* [WORK ORDER] When you reach the line with "Car Cool Systems", transcribe it and each line after it through the last one below, exactly. Pictures stay out.
++++ SUPPLIED INFORMATION ++++
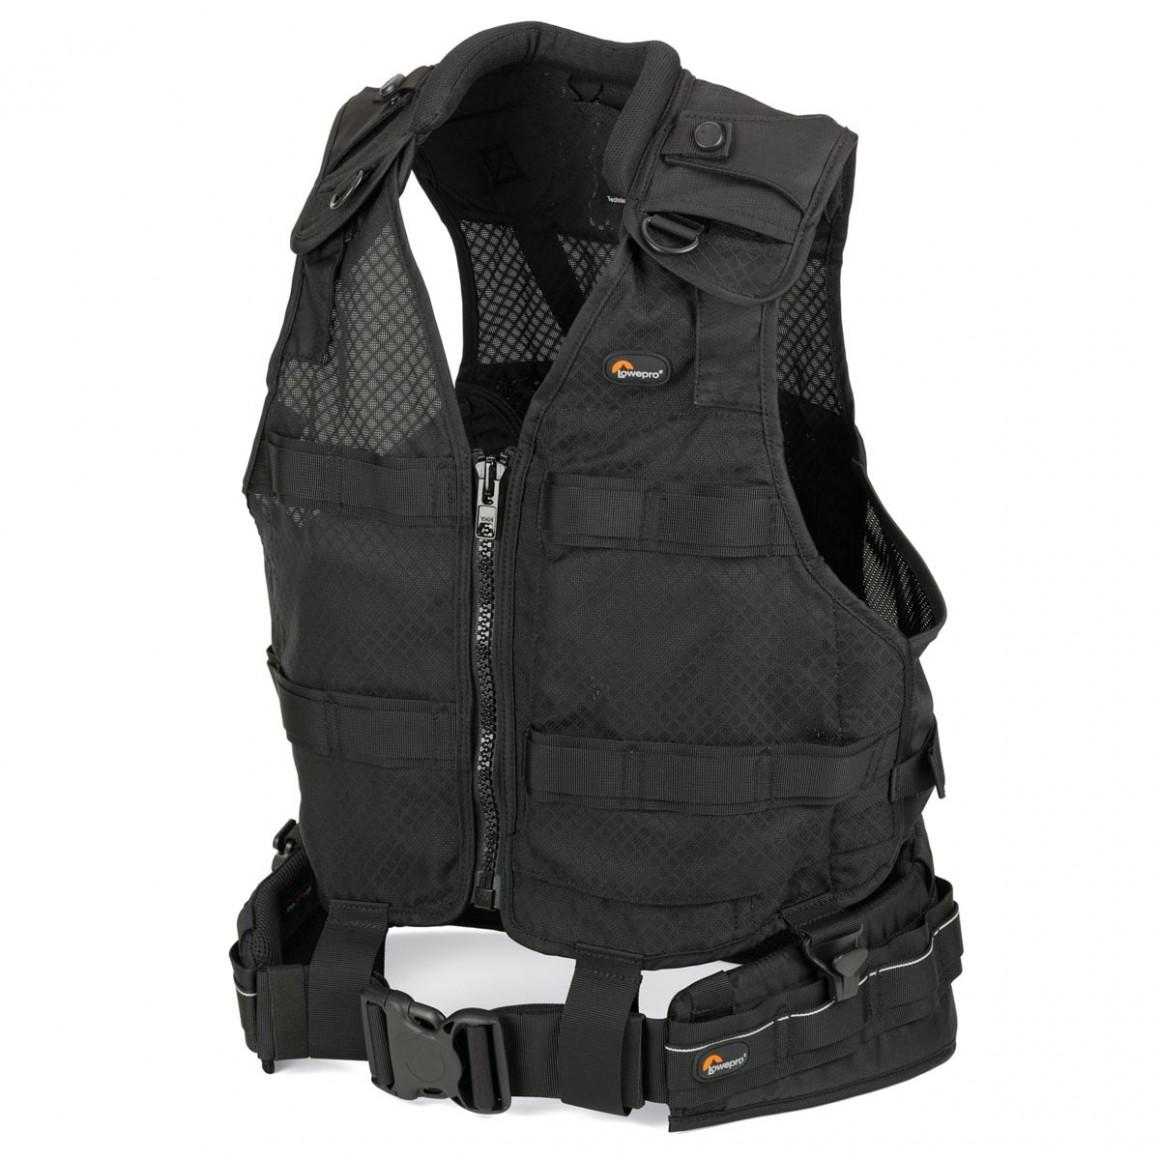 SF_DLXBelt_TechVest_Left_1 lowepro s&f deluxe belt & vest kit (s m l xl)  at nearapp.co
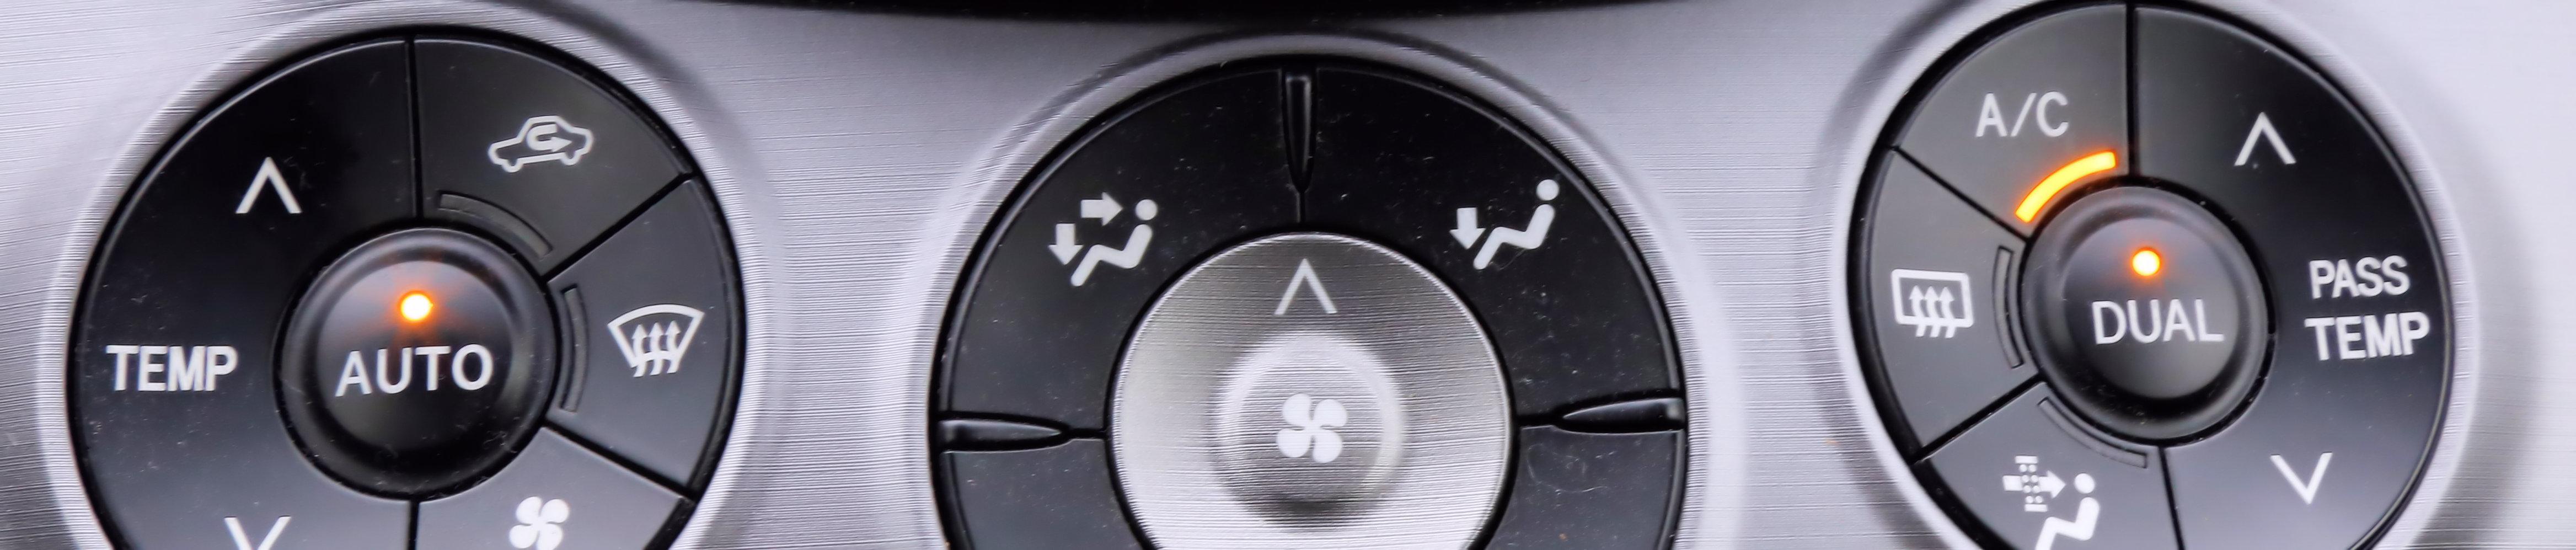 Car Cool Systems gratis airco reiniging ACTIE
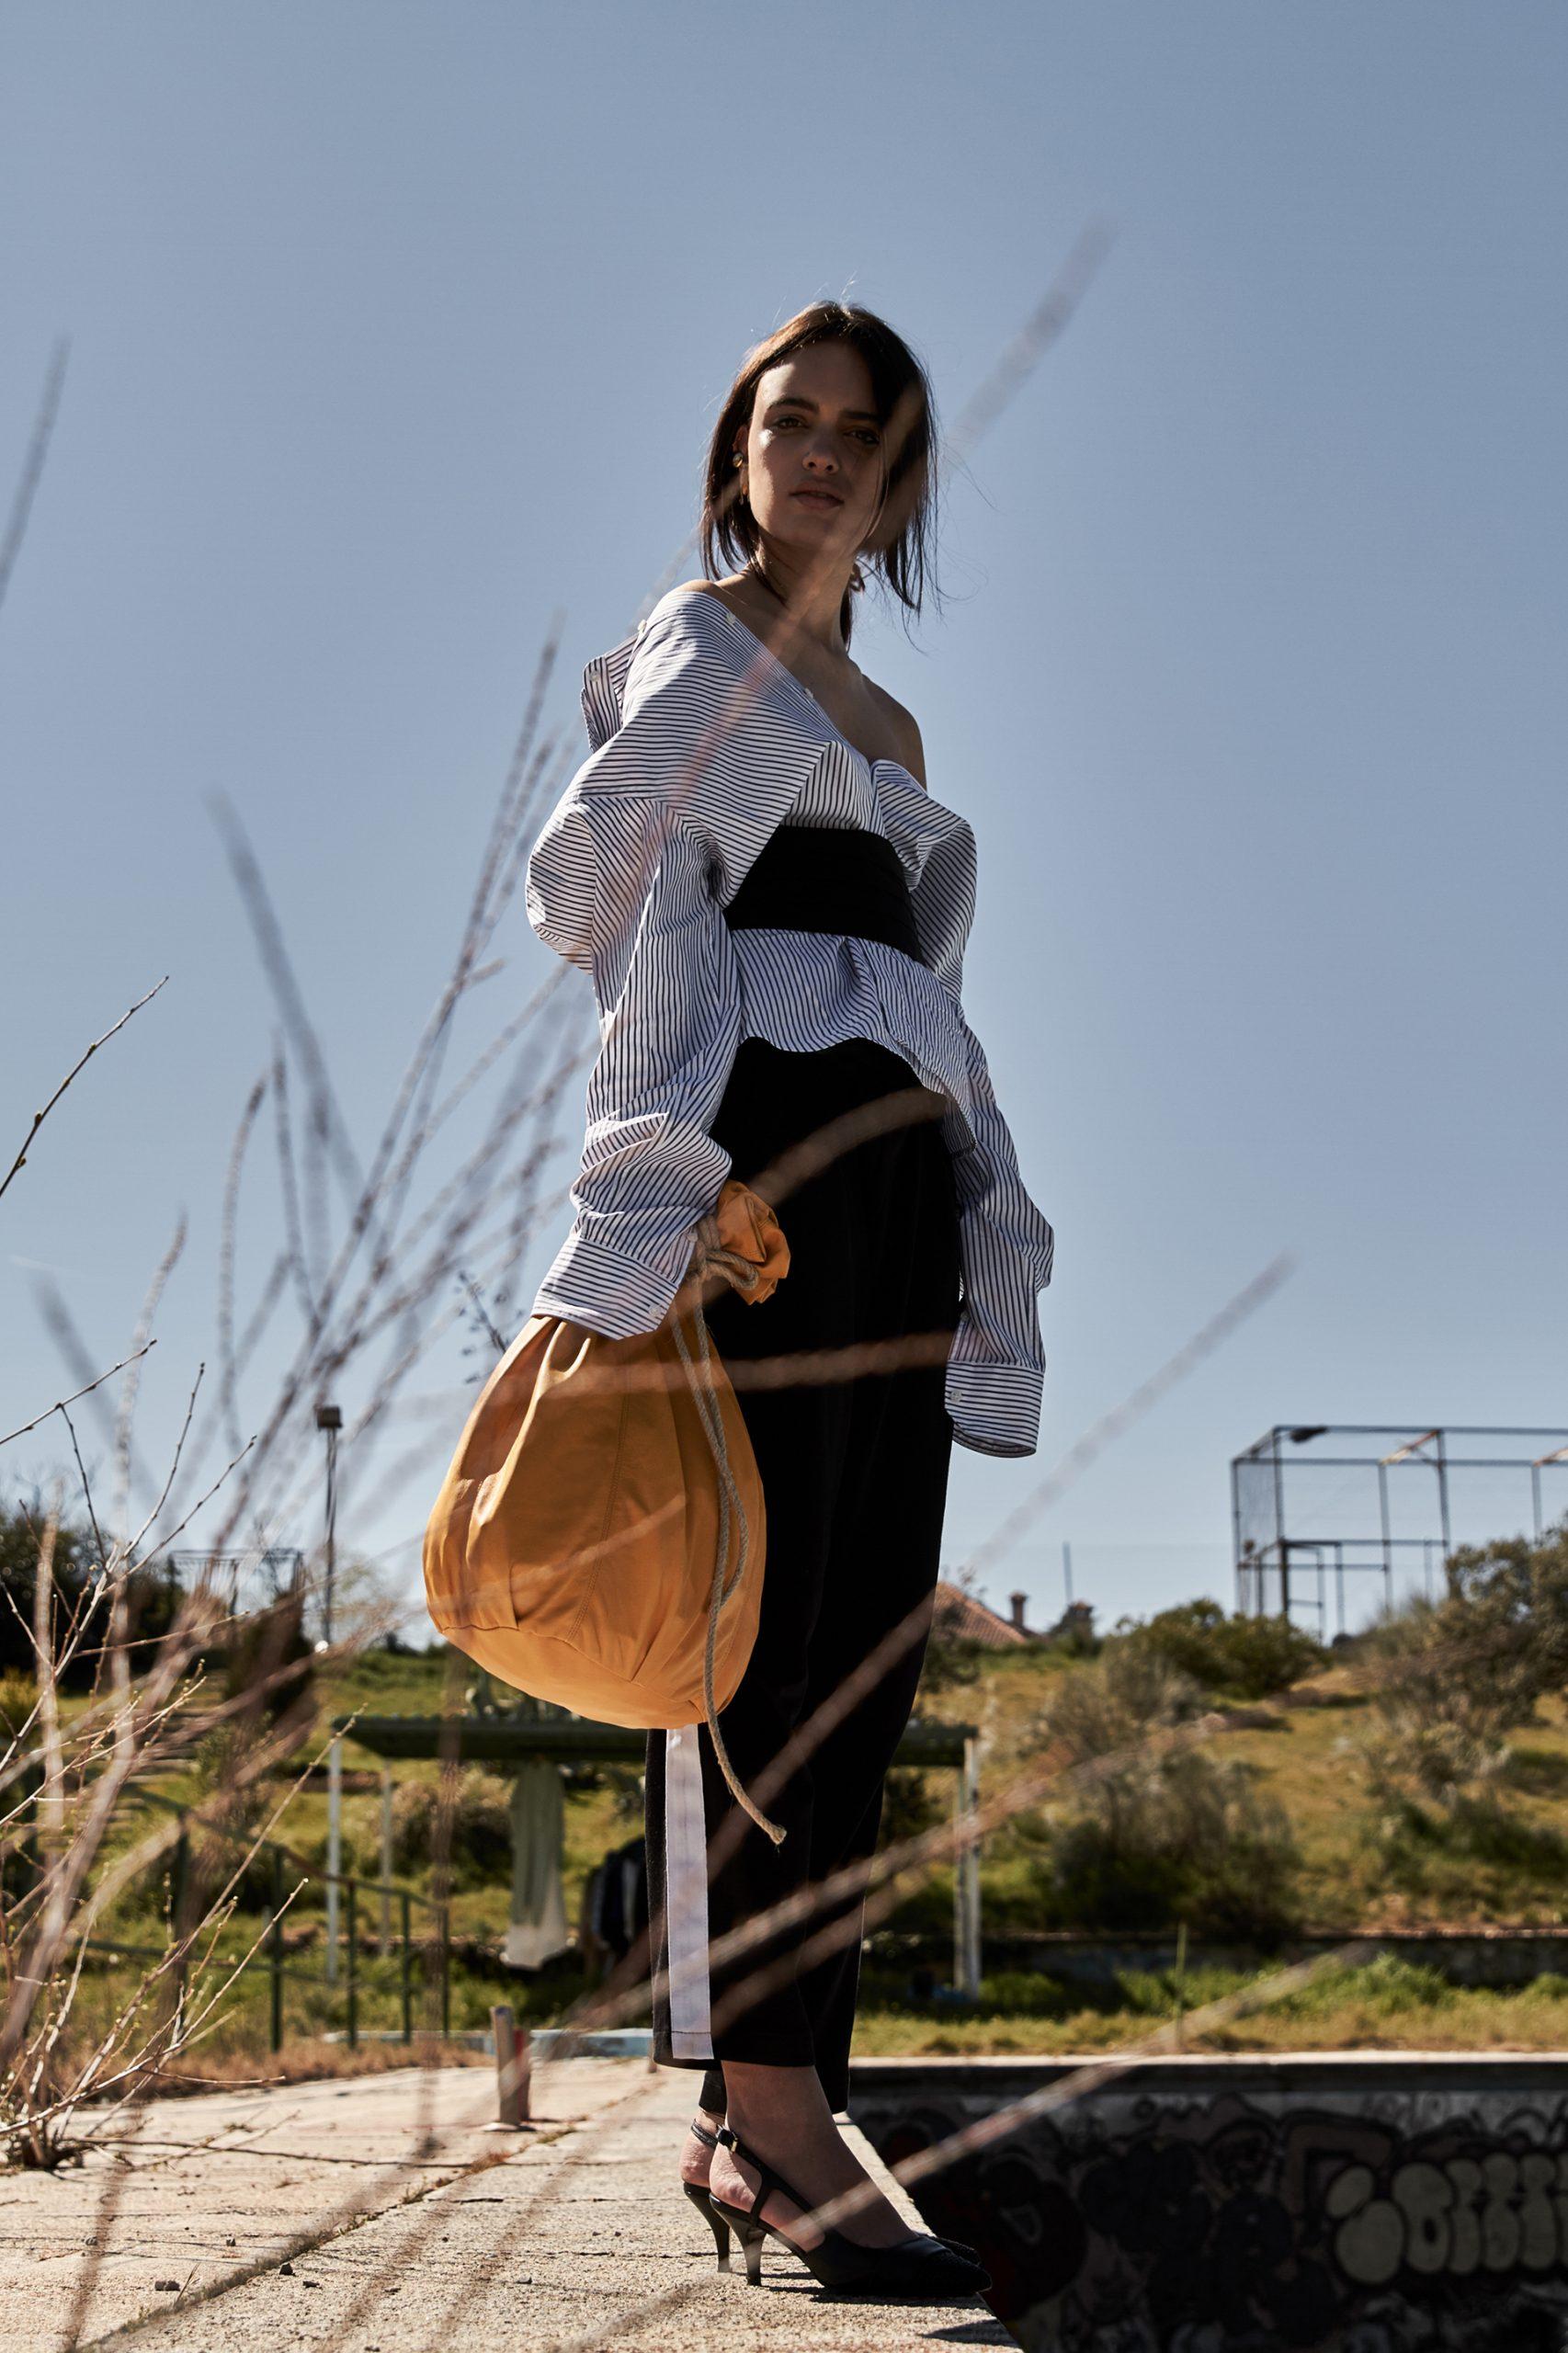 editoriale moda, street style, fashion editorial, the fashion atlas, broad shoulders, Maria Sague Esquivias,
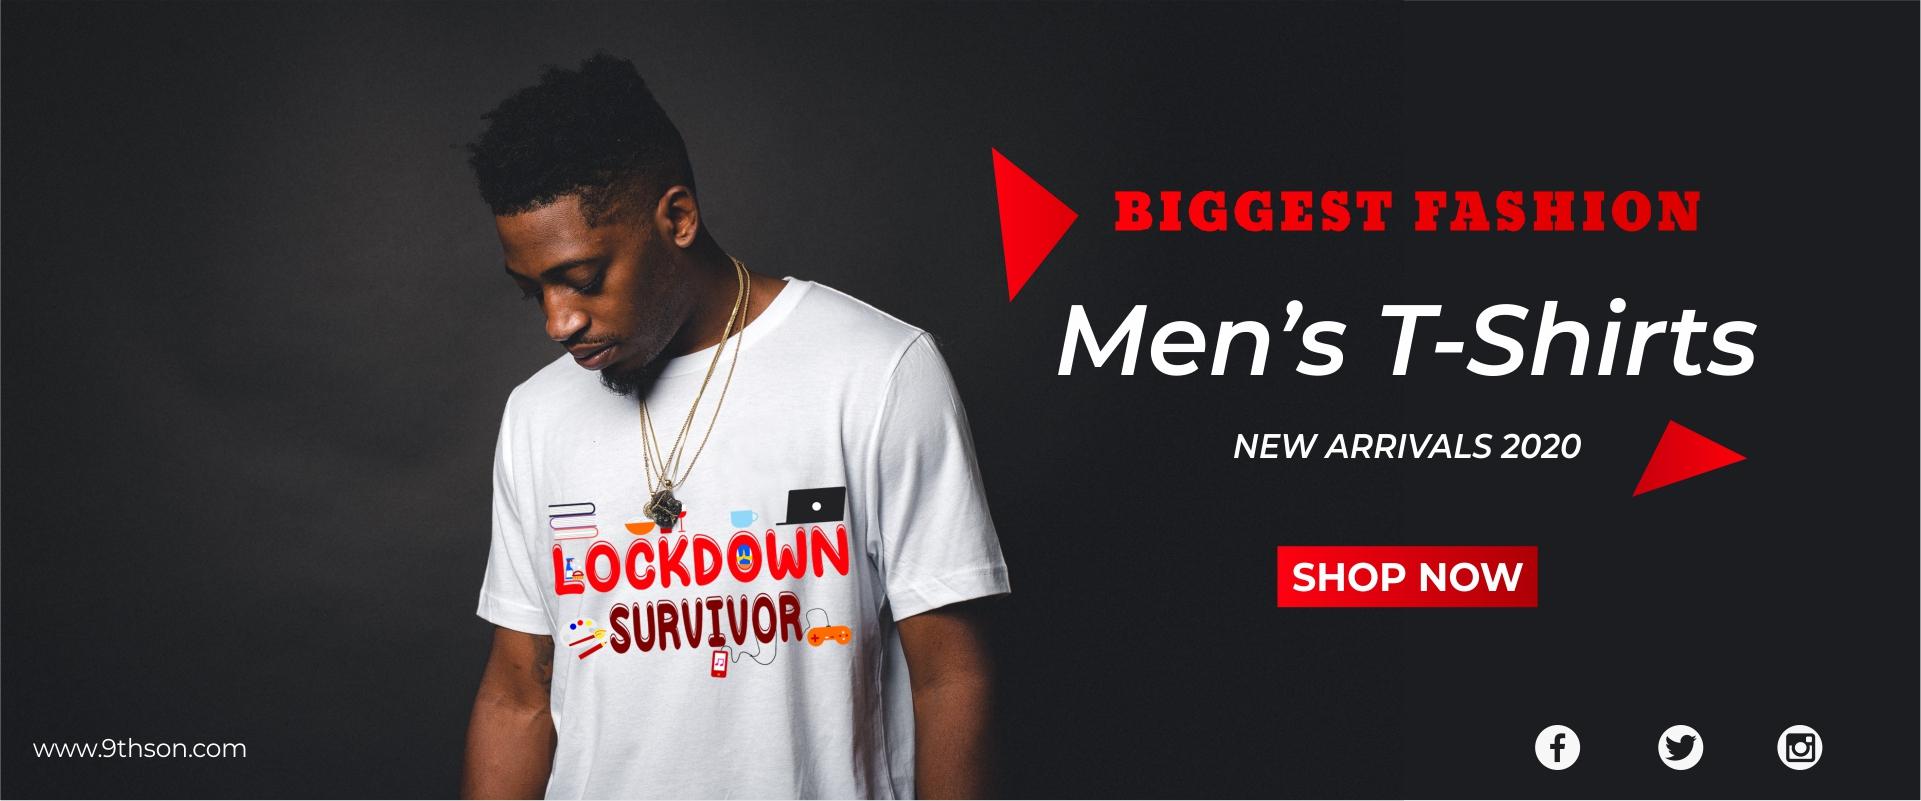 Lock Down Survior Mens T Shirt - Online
++++
* [EXERCISE RESPONSE]
 Car Cool Systems gratis airco reiniging ACTIE
 editoriale moda, street style, fashion editorial, the fashion atlas, broad shoulders, Maria Sague Esquivias,
 Lock Down Survior Mens T Shirt - Online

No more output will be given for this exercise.